Fail Rate = (Number of Fails)/(Number of Fails + Number of Pass)
我想要的输出是这样的
Datetime FailRate_length Total_length FailRate_Width Total_Width FailRate_Height Total_Height
1 2015-09-29 00:00:00 AM 0.33 3 0.50 2 0.50 2
2 2015-09-29 12:00:00 PM 0.50 2 0.66 3 0.66 3
我正在尝试使用 dplyr 和 data.table 包来解决这个问题,但我只是不知道如何划分 df1 中的时间间隔以获得具有 2 个值的 df2 -> 12AM(前 7 个观察值df1) 和 12PM(df1 中接下来的 8 个观测值)。有人可以帮我吗?
使用data.table...
library(data.table)
# thanks to @DavidArenburg for suggesting this approach:
df1[, `:=`(
d = as.IDate(Datetime),
antepost = c("am","pm")[1+(hour(Datetime) >= 12)] )
]
res <- setDT(df1)[ , .(
failrate = sum(PASSFAIL != "PASS")/.N,
N = .N
), by = .(d, antepost, Measurement)]
这给出
d antepost Measurement failrate N
1: 2015-09-29 am Length 0.3333333 3
2: 2015-09-29 am Width 0.5000000 2
3: 2015-09-29 am Height 0.5000000 2
4: 2015-09-29 pm Width 0.6666667 3
5: 2015-09-29 pm Height 0.6666667 3
6: 2015-09-29 pm Length 0.5000000 2
语法为DT[i,j,by]
,其中by
用于对变量进行分组; j
用于处理列。 :=
在 j
中创建新列。
重塑为 OP 所需的输出...
dcast(res, d + antepost ~ Measurement, value.var = c("failrate", "N"))
这给出了
d antepost failrate_Height failrate_Length failrate_Width N_Height N_Length N_Width
1: 2015-09-29 am 0.5000000 0.3333333 0.5000000 2 3 2
2: 2015-09-29 pm 0.6666667 0.5000000 0.6666667 3 2 3
感谢@Arun,这是一种一步完成所有操作的方法:
dcast(setDT(df1),
as.IDate(Datetime) + c("am","pm")[1+(hour(Datetime) >= 12)] ~ Measurement,
value.var = "PASSFAIL",
fun.agg = list(function(x) sum(x != "PASS")/length(x), length)
)
这给出了
Datetime Datetime_1 PASSFAIL_function_Height PASSFAIL_function_Length PASSFAIL_function_Width PASSFAIL_length_Height PASSFAIL_length_Length PASSFAIL_length_Width
1: 2015-09-29 am 0.5000000 0.3333333 0.5000000 2 3 2
2: 2015-09-29 pm 0.6666667 0.5000000 0.6666667 3 2 3
列名是根据 ~
部分的根变量和每个函数定义的第一个单词自动生成的。
一个 dplyr + tidyr 等价物(装箱略有不同,尽管上面那个很优雅):
library(plyr)
library(dplyr)
library(tidyr)
df1 %>%
mutate(
half_day =
Datetime %>%
as.POSIXct(tz = "UTC") %>%
round_any(60*60*12, f = floor) ) %>%
group_by(half_day, Measurement) %>%
summarize(Total = n(),
FailRate = sum(PASSFAIL != "PASS")/Total) %>%
gather(variable, value, FailRate, Total) %>%
unite(variable_new, variable, Measurement, sep = "_") %>%
spread(variable_new, value)
gather
、unite
、spread
序列是 dcast
的 tidyr 等价物。

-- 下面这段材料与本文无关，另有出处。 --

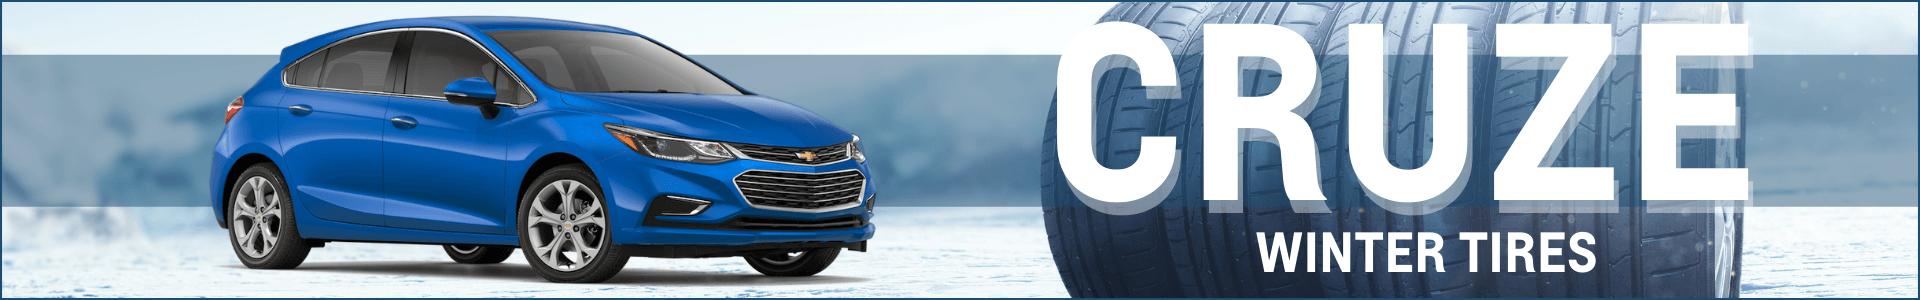 Cruze winter tire deals

注意
half day * (12 hour/half day) * (60 min / hour) * (60 seconds/min) = 60*60*12 seconds
我有一个正在使用的示例数据框
Datetime <- c("2015-09-29 08:22:00", "2015-09-29 09:45:00", "2015-09-29 09:53:00", "2015-09-29 10:22:00", "2015-09-29 10:42:00",
"2015-09-29 11:31:00", "2015-09-29 11:47:00", "2015-09-29 12:45:00", "2015-09-29 13:11:00", "2015-09-29 13:44:00",
"2015-09-29 15:24:00", "2015-09-29 16:28:00", "2015-09-29 20:22:00", "2015-09-29 21:38:00", "2015-09-29 23:34:00")
Measurement <- c("Length","Length","Width","Height","Width","Height","Length","Width","Width","Height","Width","Length",
"Length","Height","Height")
PASSFAIL <- c("PASS","PASS","FAIL","PASS","PASS","FAIL_AVG_HIGH","FAIL#Pts","FAIL","FAIL_AVG_LOW","FAIL","PASS","PASS","FAIL#RNG#HIGH","PASS","FAIL")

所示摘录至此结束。